The letter raises the sort of points that I would expect to see under the circumstances, following the degree of local objections that there has been to this application. It forms a way to register a response to the objections, which the applicants can refer to at the committee hearing and I believe that it is important to respond to this letter.
A first comment I would make is that the writer gives the impression that he has lived in one of the houses on the site for 18 years, in which case it is very hard to imagine a real need after 18 years to suddenly increase his domestic floor area by as much as FIVE times.
Who is going to fill this space? To me it gives the impression that it may rather reflect a wish to sell on after 18 years, with the benefit of planning permission for a large house that will, of course, increase the value of the property many fold.
In response to the main points he raises, the view from standing on the rear of the roof of the existing house is immaterial - The effect on the surroundings and the conservation area should be considered mainly from public viewpoints i.e. from the street.
Whichever way it is put, the main issue is that the the site has always appeared as open garden space and was deliberately kept as such when the existing houses were given permission only if they could not be seen over the front boundary wall.
We know the quality and appearance of the existing houses because they were celebrated at the time as fine examples of modern architecture and were published in Architectural magazines. They were also recognised as being carefully designed to have minimal impact and to respect and preserve the Conservation Area.

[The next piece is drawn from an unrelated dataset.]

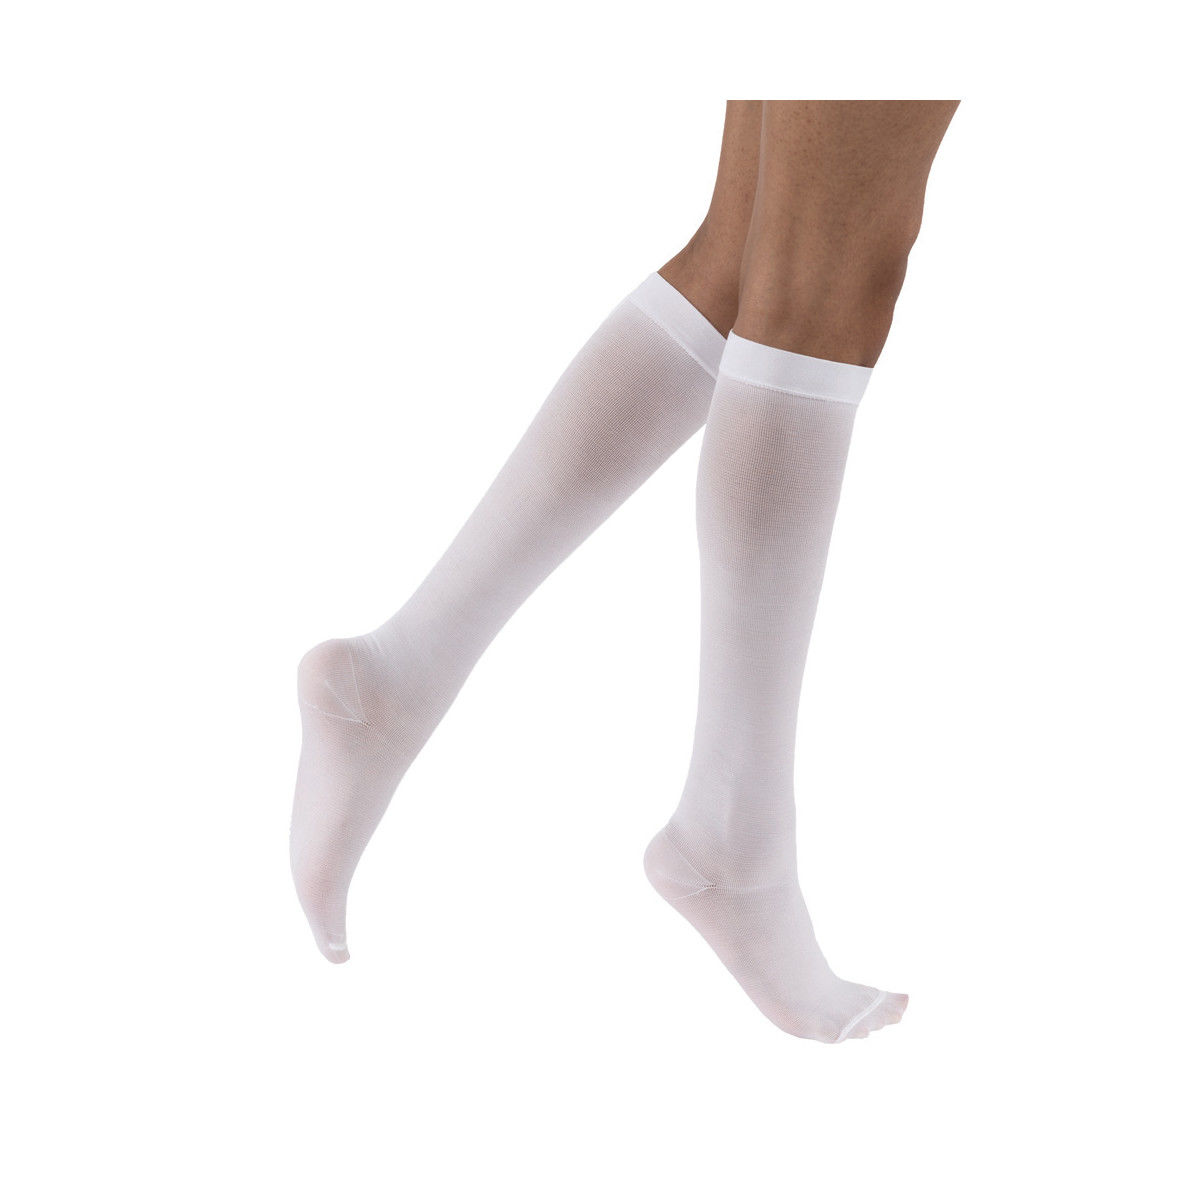 JOBST® ACTIVA Anti-Embolism Thigh High – Compression Stockings

The new proposed houses cannot be said to achieve the same aims, their design, rhythm, scale of detail and fenestration are all at odds with the Conservation Area. The external finish in this area is painted Stucco and brick and not Portland stone, which is more appropriate to Offices in the City. I believe that the proposed houses needed to be equally spaced between the existing houses to either side, in order to reduce as far as possible the issues of overlooking and daylight from the existing side windows of both of these houses. In fact the proposed new houses are not effectively smaller than the majority of houses in the street, but are shown as extending to the same eaves height and having similar width and bulk. The strange appearance of the set back roof would give a cut off effect to the finished houses, which would also be significantly different to the form of houses in this Conservation Area.
It is clear that this site is not a location for large family houses of five storeys but forms in contrast, a much valued, protected, open space in this Conservation Area.
Having set the limits for building on this site with the low existing houses, it would be wholly unacceptable for Camden to now change that ruling and to act against the interests and continuity of the Conservation Area.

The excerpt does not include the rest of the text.